In Nederland is het landsdekkend beeld opgezet van mogelijk verontreinigde locaties.
Op basis hiervan is de zogeheten «spoedoperatie» uitgevoerd, waarbij verontreiniging
is gesignaleerd, onderzocht en gesaneerd/beheerst.
Veelal is hier de veroorzaker van de verontreiniging aangesproken.
De verantwoordelijkheid voor de aanpak van bodemverontreinigingen is gedelegeerd aan
de bevoegde overheden op grond van de Wet bodembescherming, dat zijn de provincies
en de grote gemeenten.
Het bevoegd gezag heeft kennis van de aanwezige bodemverontreinigingen op zijn grondgebied,
waaronder ook de verontreinigingen op (voormalige) bedrijfsterreinen en bedrijventerreinen.

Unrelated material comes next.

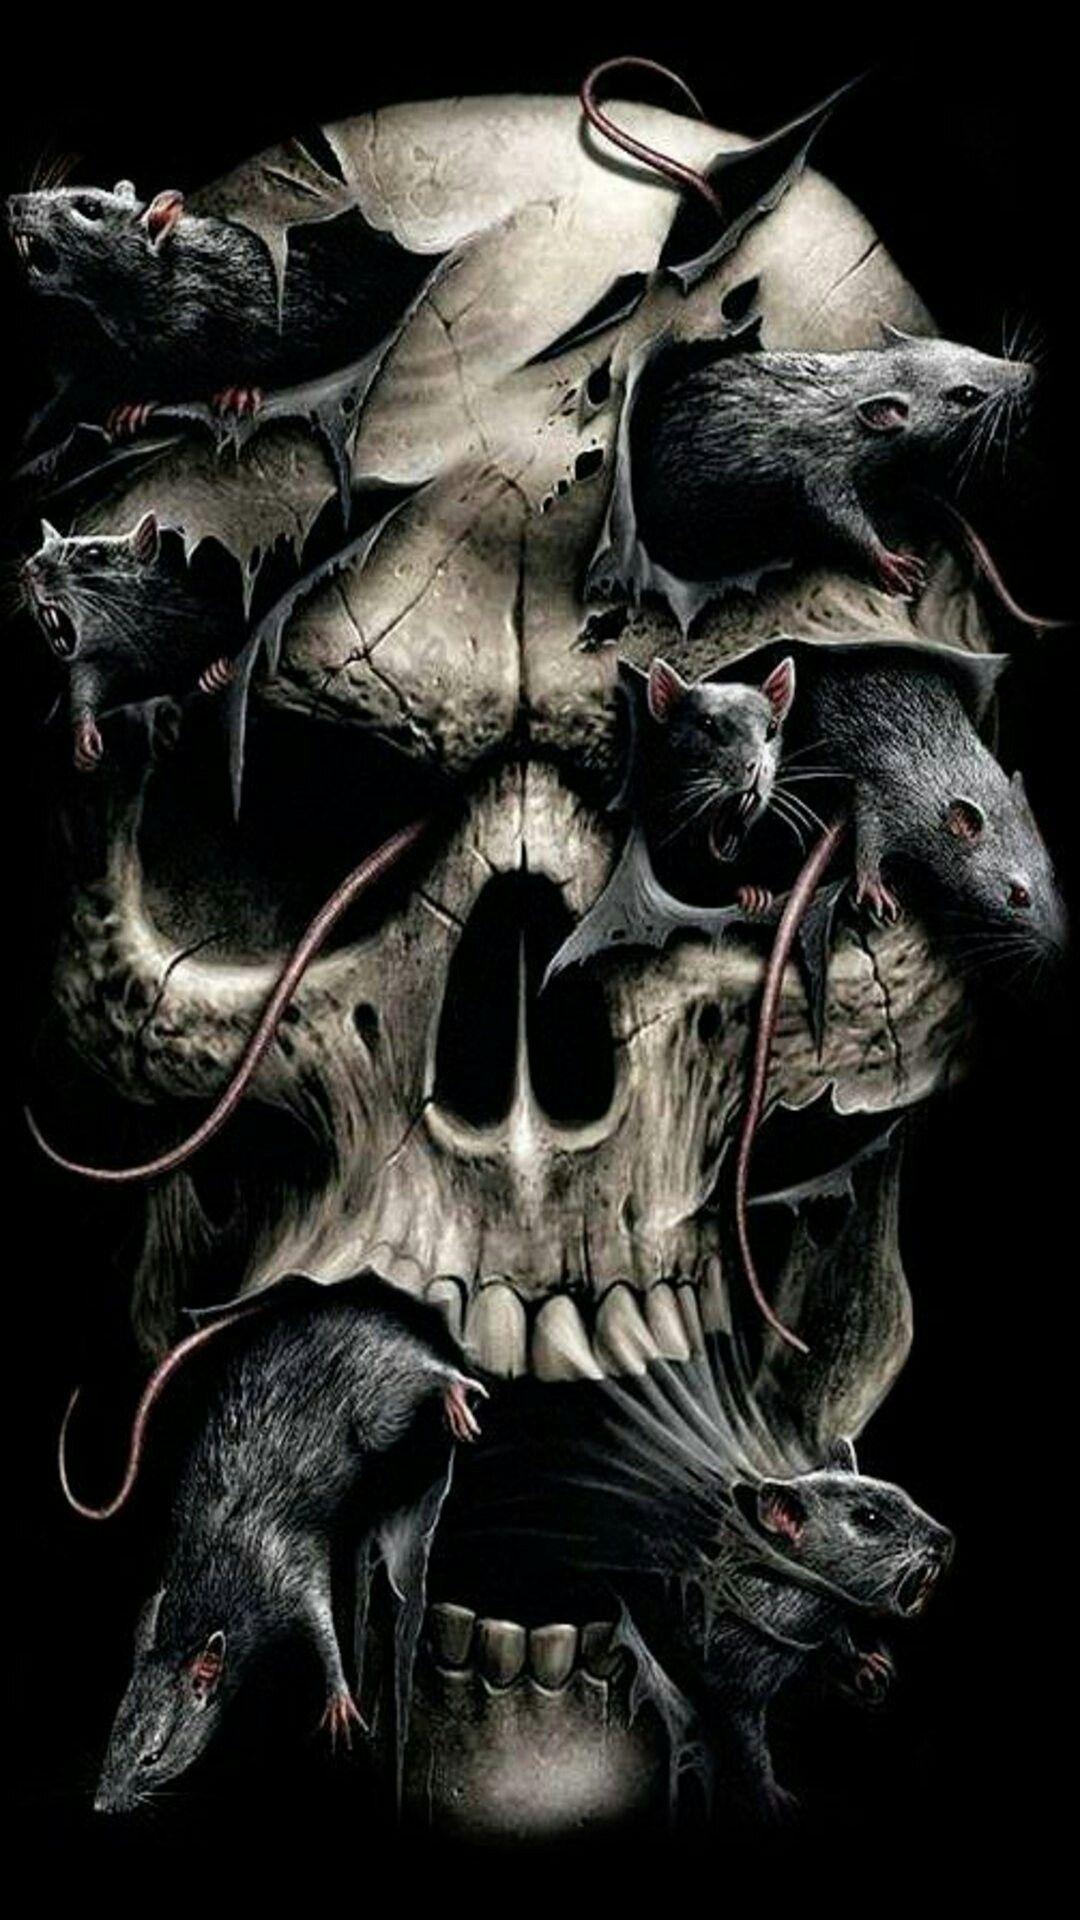 Skull Wallpaper For Phone Metro Wallpapers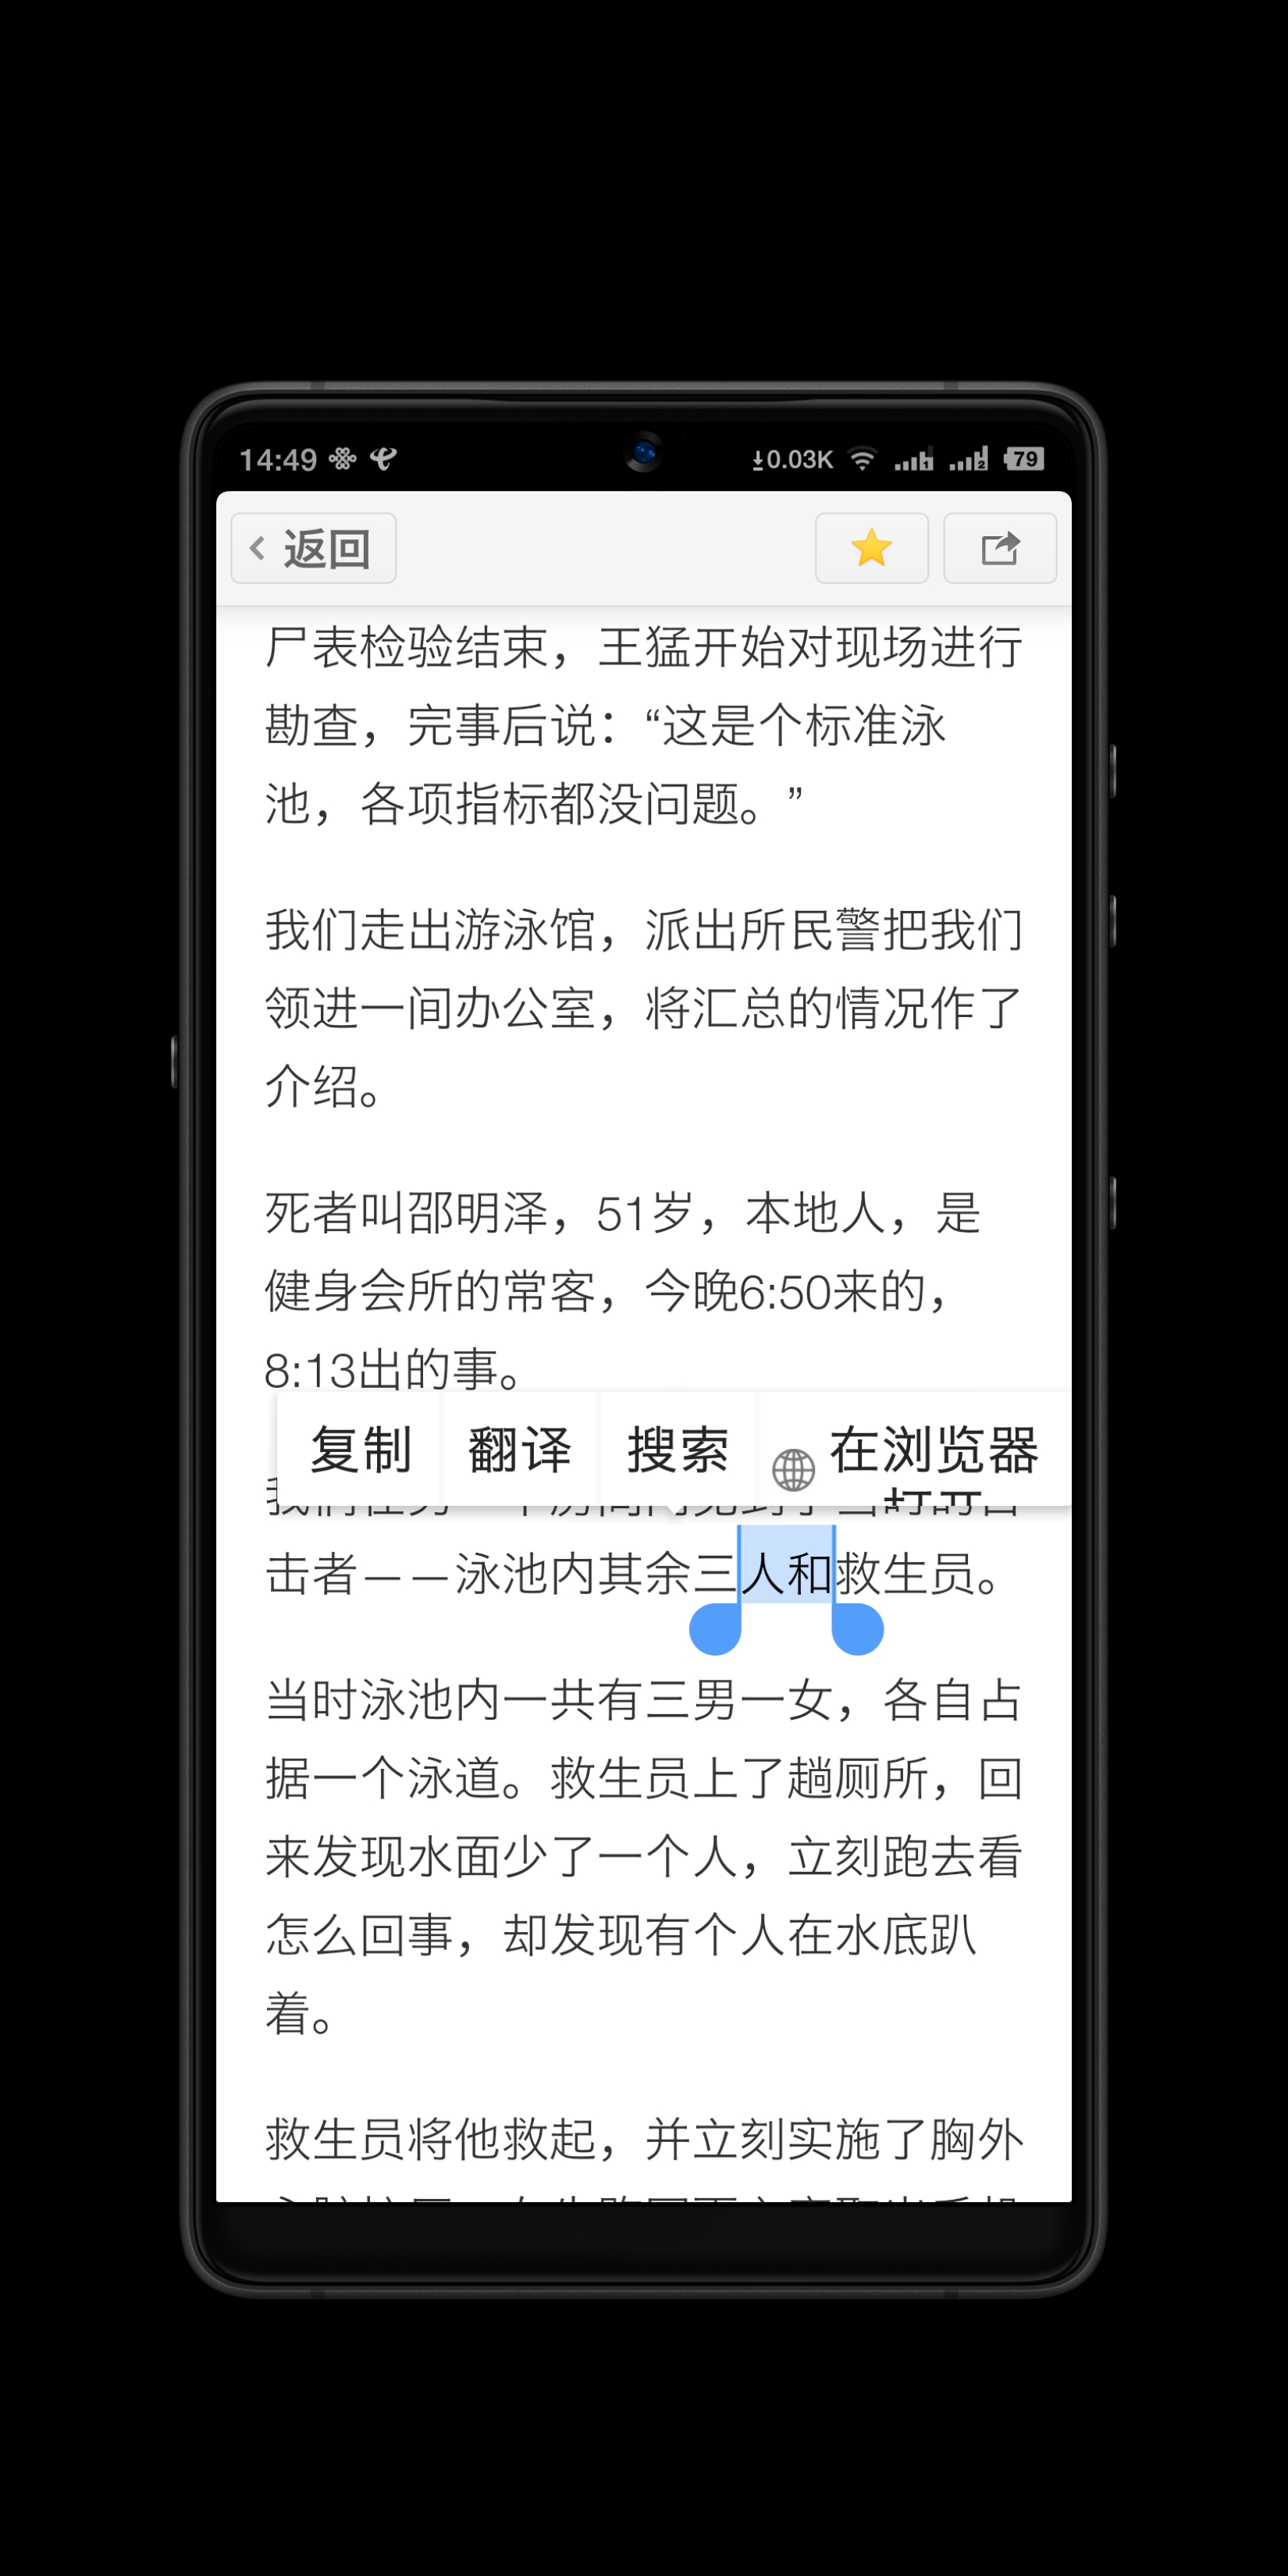 Screenshot_2019-08-04-14-49-05-854_????.png

Al vanaf de jaren negentig worden de bodemverontreinigingen op bedrijfsterreinen in
beeld gebracht en aangepakt.
De uitvoeringsregeling Besluit verplicht bodemonderzoek bedrijfsterreinen heeft hieraan
bijgedragen. Speciale stichtingen (Stichtingen bodemsanering in gebruik zijnde bedrijfsterreinen,
Stichting SBN en Stichting Bosatex (voor de textielreinigingsbranche)) faciliteerden/faciliteren
de bedrijven met het uitvoeren van bodemonderzoek. De aanpak van de bodemverontreinigingen
waar vanwege onaanvaardbare risico’s voor mens, ecologie en verspreiding risico’s
sanering spoedig noodzakelijk is, wordt apart gemonitord, dit geldt ook voor bedrijfsterreinlocaties.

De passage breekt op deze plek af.